R. – Nel terrore. Ho ricevuto una mail pochi giorni fa in cui mi dicono che la gente fugge, scappa. Non si sa più quanti sono andati all’estero. Ieri sul sito del “Burundi – Africa Time” c’era la foto di gente che scappa su biciclette cariche di bagagli e effetti personali e il titolo era: “La gente fugge dalla violenza di Bujumbura”. In questo quadro, poi, c’è un altro fattore: Nkurunziza oggi ha l’appoggio finanziario della Cina, la quale compra il Burundi a pezzi. E forse l’ha già comprato, secondo me.

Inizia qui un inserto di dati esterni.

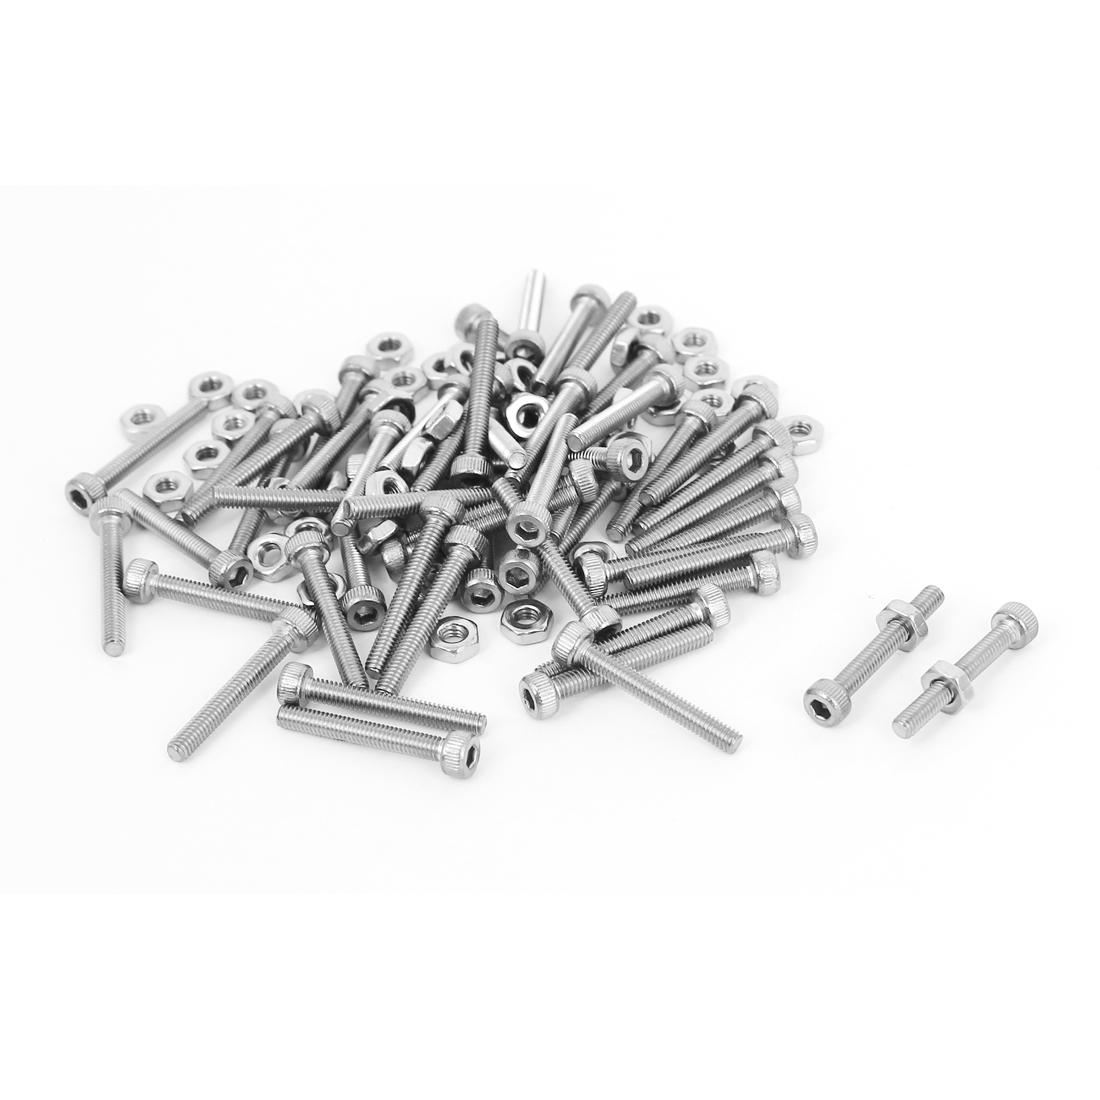 M2.5x18mm Stainless Steel Hex Socket Head Knurled Cap Screws Bolts Nut Set 50Pcs
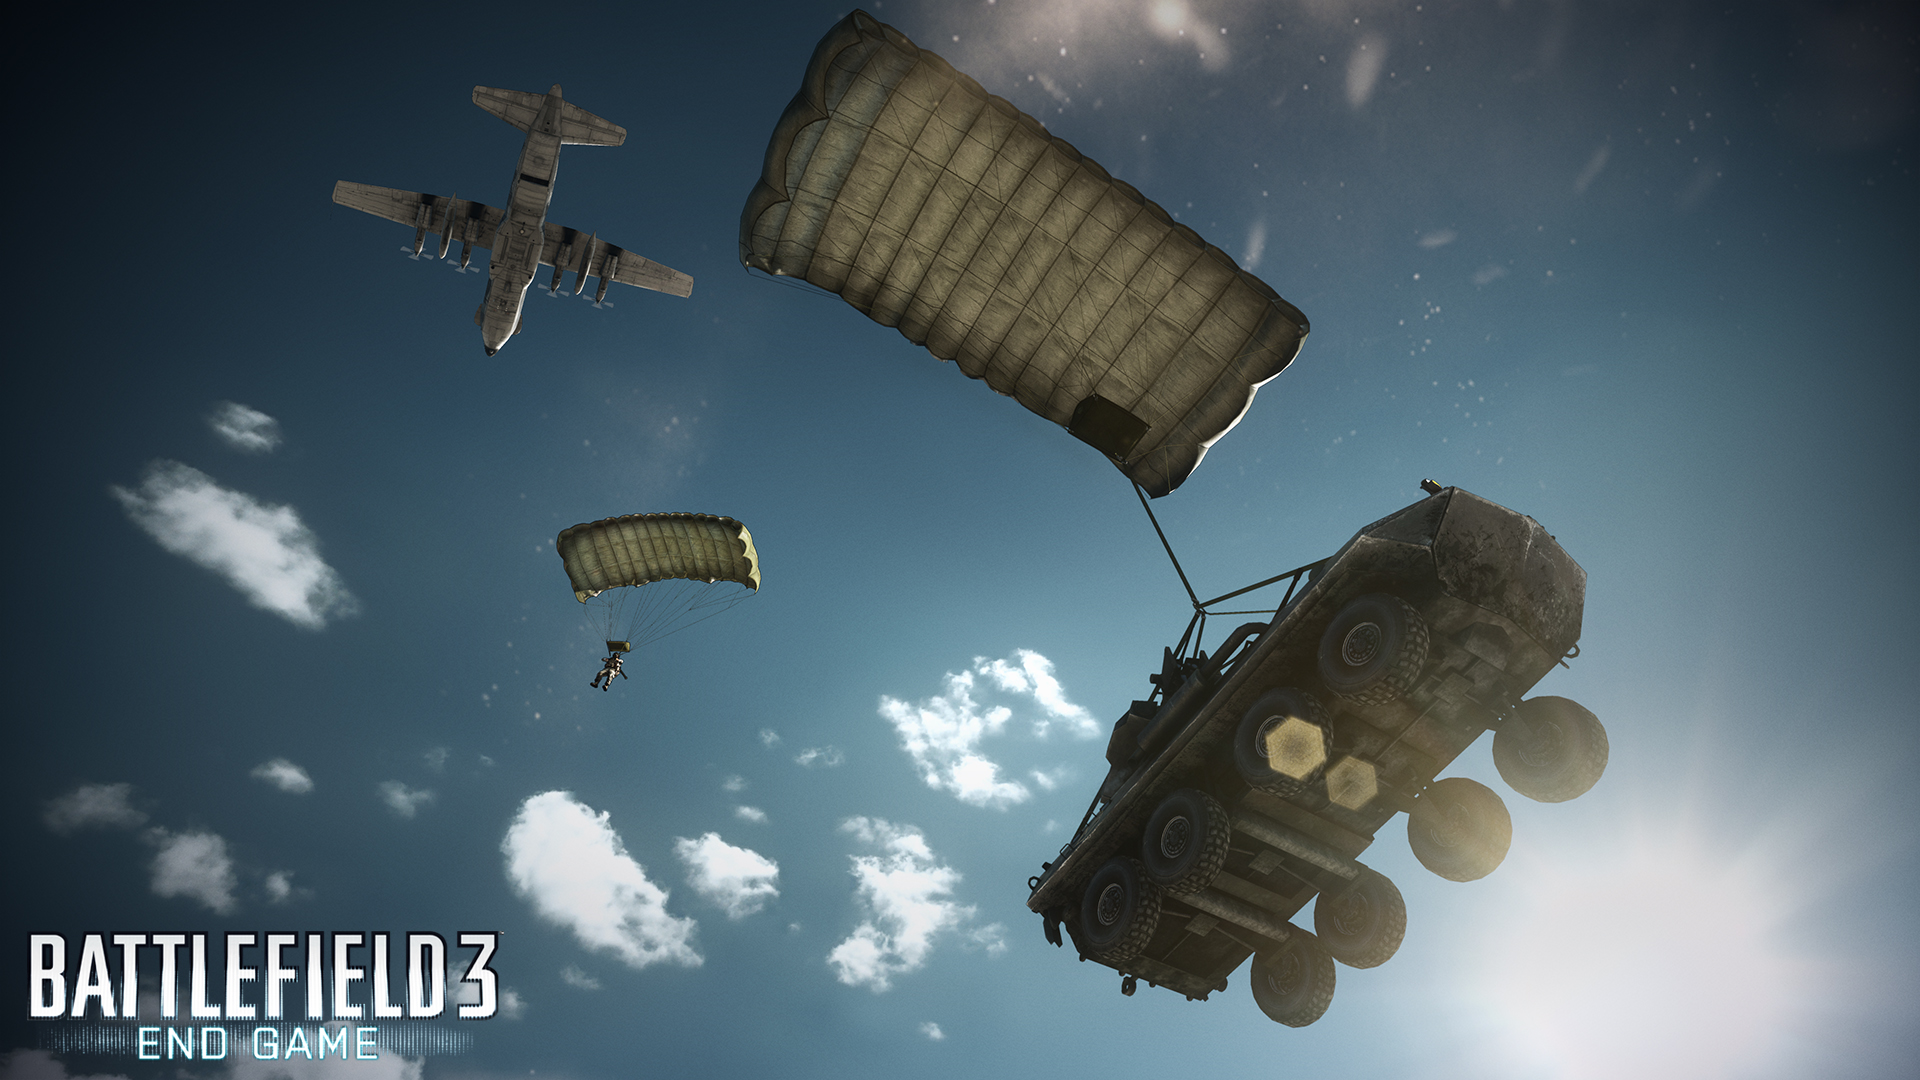 Image bf3 end game airdrop waterg battlefield wiki fandom image bf3 end game airdrop waterg battlefield wiki fandom powered by wikia ccuart Images

D. – Da missionario che è stato tanti anni in Burundi, quali sono le sue speranze?
R. – La realtà della gente che vuole la pace in qualche modo spinge: è una forza, una reale forza! Alla fine la voglia di pace, soprattutto coltivata nella preghiera, nell’ascolto della parola in comune, sarà capace di muovere le persone.